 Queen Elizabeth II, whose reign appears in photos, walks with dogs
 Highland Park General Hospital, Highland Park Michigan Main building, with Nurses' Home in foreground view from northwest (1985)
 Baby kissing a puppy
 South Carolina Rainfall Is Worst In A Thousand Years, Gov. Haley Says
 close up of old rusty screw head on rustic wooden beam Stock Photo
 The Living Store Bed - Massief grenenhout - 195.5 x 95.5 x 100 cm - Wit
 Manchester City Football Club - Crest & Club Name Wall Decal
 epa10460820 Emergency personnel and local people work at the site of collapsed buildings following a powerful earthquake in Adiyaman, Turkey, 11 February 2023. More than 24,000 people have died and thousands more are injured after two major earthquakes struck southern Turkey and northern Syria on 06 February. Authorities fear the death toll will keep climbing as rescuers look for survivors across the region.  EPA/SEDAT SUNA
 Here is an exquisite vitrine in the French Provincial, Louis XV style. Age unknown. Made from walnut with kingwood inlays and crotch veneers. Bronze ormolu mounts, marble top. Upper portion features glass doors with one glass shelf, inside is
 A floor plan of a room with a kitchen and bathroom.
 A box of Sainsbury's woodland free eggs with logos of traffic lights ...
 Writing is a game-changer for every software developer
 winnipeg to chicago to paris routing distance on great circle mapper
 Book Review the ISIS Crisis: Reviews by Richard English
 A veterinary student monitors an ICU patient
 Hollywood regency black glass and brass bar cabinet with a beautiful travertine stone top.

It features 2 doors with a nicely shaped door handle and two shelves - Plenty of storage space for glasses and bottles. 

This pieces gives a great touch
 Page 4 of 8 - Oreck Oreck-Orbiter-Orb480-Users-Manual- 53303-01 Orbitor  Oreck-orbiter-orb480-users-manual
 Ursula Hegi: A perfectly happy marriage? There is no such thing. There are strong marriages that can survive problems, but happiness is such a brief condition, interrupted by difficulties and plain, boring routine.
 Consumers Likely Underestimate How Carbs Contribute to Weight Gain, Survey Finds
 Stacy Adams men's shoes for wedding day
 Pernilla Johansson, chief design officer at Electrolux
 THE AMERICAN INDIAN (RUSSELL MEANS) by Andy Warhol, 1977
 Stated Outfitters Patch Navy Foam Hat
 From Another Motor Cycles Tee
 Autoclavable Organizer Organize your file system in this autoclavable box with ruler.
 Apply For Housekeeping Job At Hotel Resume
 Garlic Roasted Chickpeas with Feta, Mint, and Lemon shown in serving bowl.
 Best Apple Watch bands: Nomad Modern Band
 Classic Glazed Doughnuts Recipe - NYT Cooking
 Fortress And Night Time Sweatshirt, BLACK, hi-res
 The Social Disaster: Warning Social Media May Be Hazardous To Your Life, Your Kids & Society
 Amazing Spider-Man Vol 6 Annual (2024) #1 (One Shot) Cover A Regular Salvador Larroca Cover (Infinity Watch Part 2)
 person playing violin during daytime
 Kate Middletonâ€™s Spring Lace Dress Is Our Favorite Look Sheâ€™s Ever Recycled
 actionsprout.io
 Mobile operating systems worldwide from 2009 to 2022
◆ ◆ ◆ ◆ ◆ ◆ ◆
PROBLEM TO WORK ON:
Look through the material above and pick out each line holding the word "great".

RESPONSE:
 winnipeg to chicago to paris routing distance on great circle mapper
This pieces gives a great touch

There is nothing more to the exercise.